Abstract

Background

despite the approval of pulmonary arterial hypertension (PAH) specific therapies, bilateral lung transplantation (LT) remains the therapeutic option of choice for patients that fail to reach an adequate clinical and hemodynamic response on maximal medical therapy.

Methods

we describe the survival of transplant recipients (TR) patients in comparison to not-transplanted (NT) patients in a single tertiary PAH centre. We included patients with Group 1 PAH and non-operable CTEPH who were listed for lung transplantation at our Centre from January 1999 to February 2022. The survival of NT, TR and of all listed patients was evaluated starting from the date of listing (patients were censored as alive at the time of LT in the intention to treat analysis).
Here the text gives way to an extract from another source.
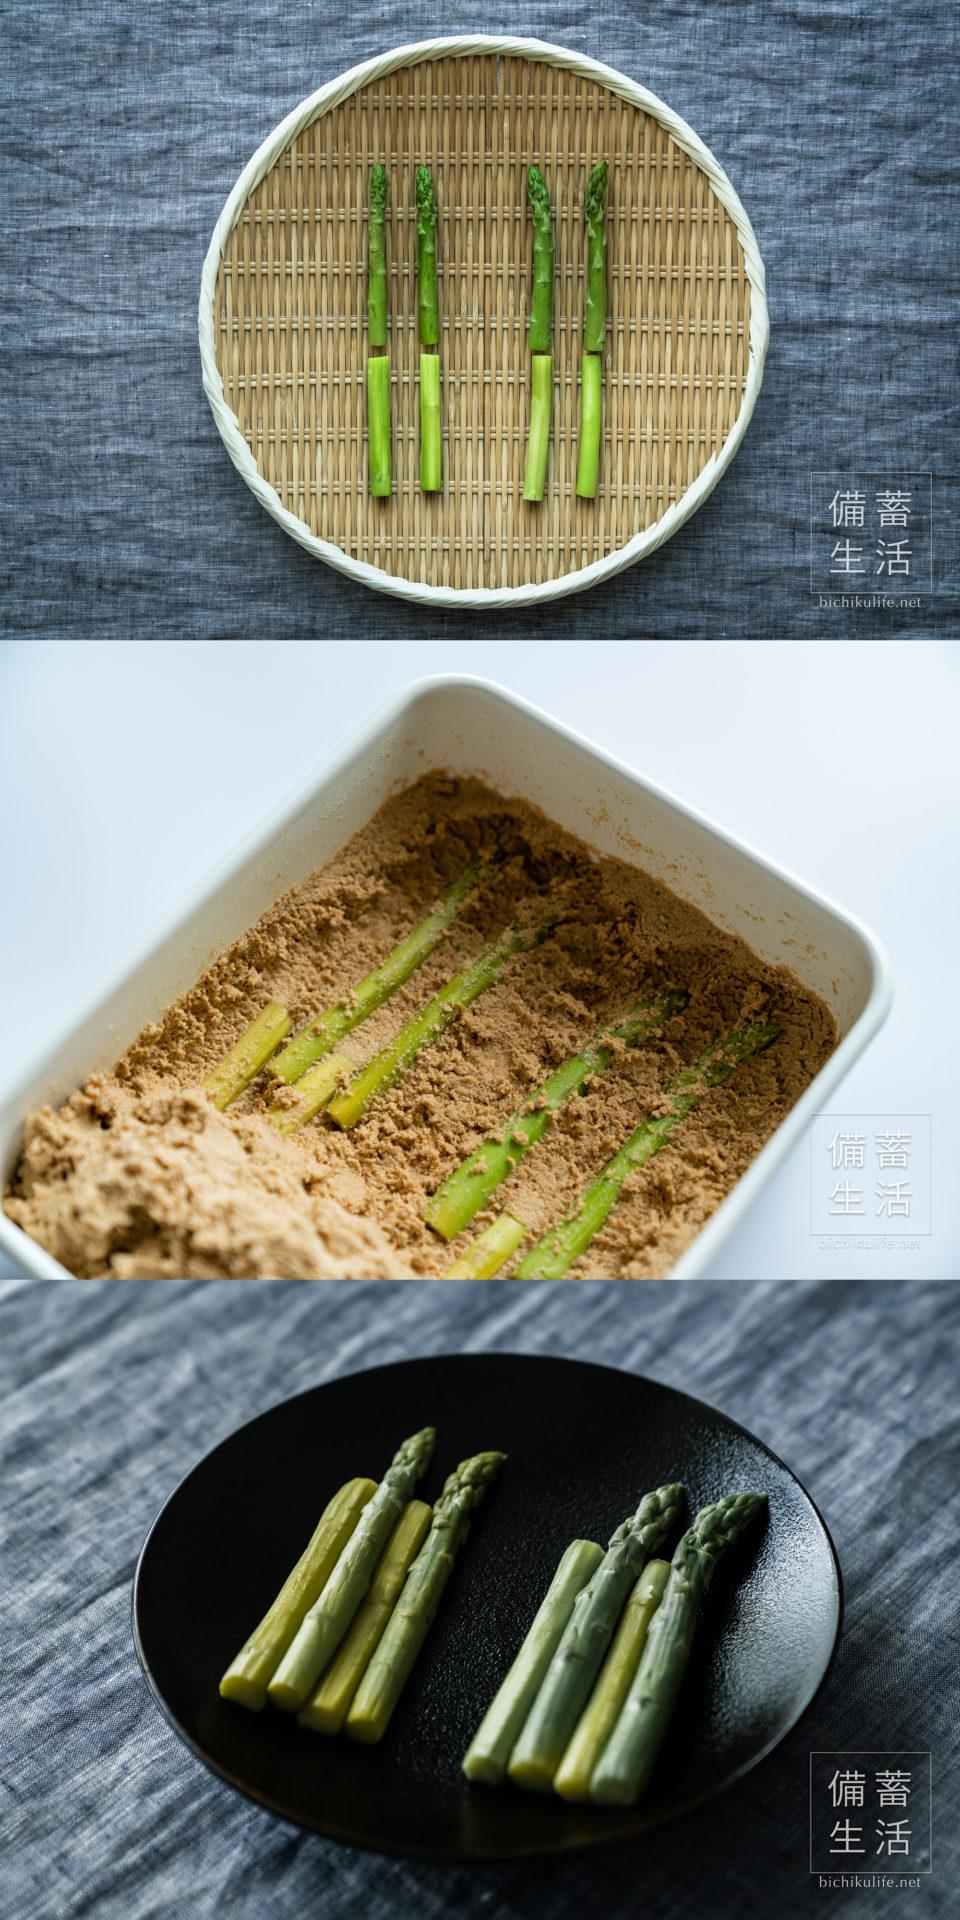 アスパラガスのぬか漬けの作り方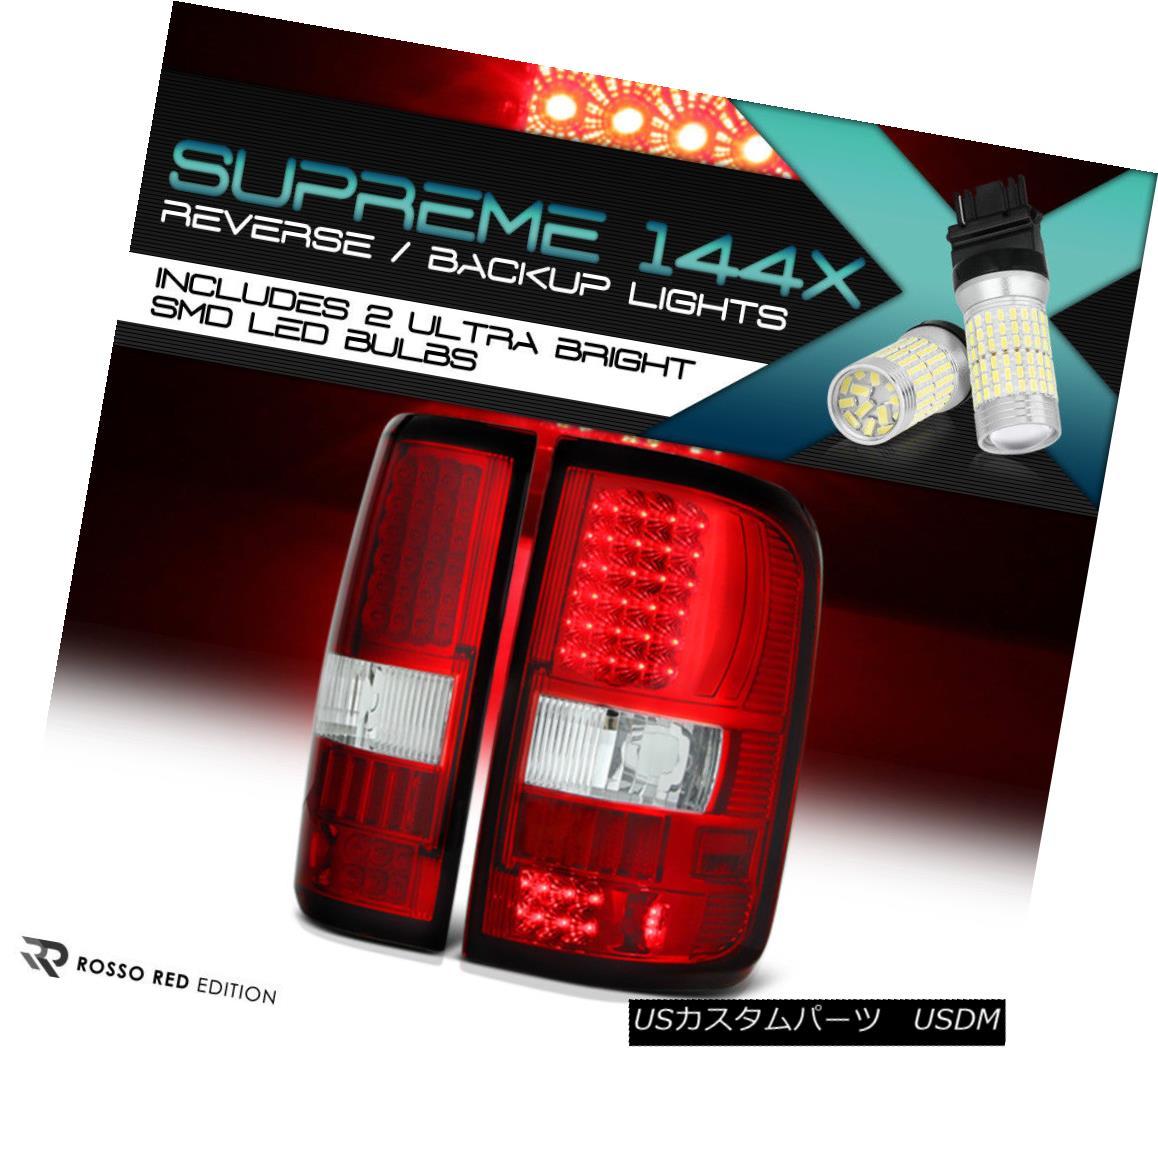 テールライト 360 DEGREE SMD REVERSE Factory Style {RED/CLEAR} LED Tail Light Brake 04-08 F150 360度SMD REVERSEファクトリースタイル{RED / CLEAR} LEDテールライトブレーキ04-08 F150

The survival of TR was also evaluated starting from the date of the LT. Kaplan Meier curves and log rank test were used for survival analysis. Data are expressed as median (interquartile range).

Results

141 patients were included (80% had Group 1 PAH). Fifty-eight (41%) patients were transplanted, after a mean waiting time of 17 (5-36) months. Of the 83 NT patients 53 (38%) died while on the list and 30 (21%) were alive on the list up to February 2022. The survival of all patients since listing (intention to treat analysis) at 1, 3 and 5 years was 83%, 54%, 45% respectively. The survival of TR at 1, 3, 5 and 10 years since transplantation was 67%, 65%, 62% and 57% respectively. When comparing, NT and TR patients’ survival since listing, TR patients had a better survival than NT patients [survival at 1, 3 and 5 years of 88%, 72% and 66% vs 73%, 42% e 34% for TR and NT patients, respectively (p= 0.0002)].

Conclusions

our experience demonstrated that TR's survival at our center is in line with principal European national registries and confirmed that the risk of death in the first-year post-transplant is higher for patients with pulmonary hypertension than it is for other diseases which might require LT. Finally, our study showed that the prognosis of patients listed is extremely poor and that, despite biases in the comparison of non-randomized groups, survival of TR is better than the one of NT patients.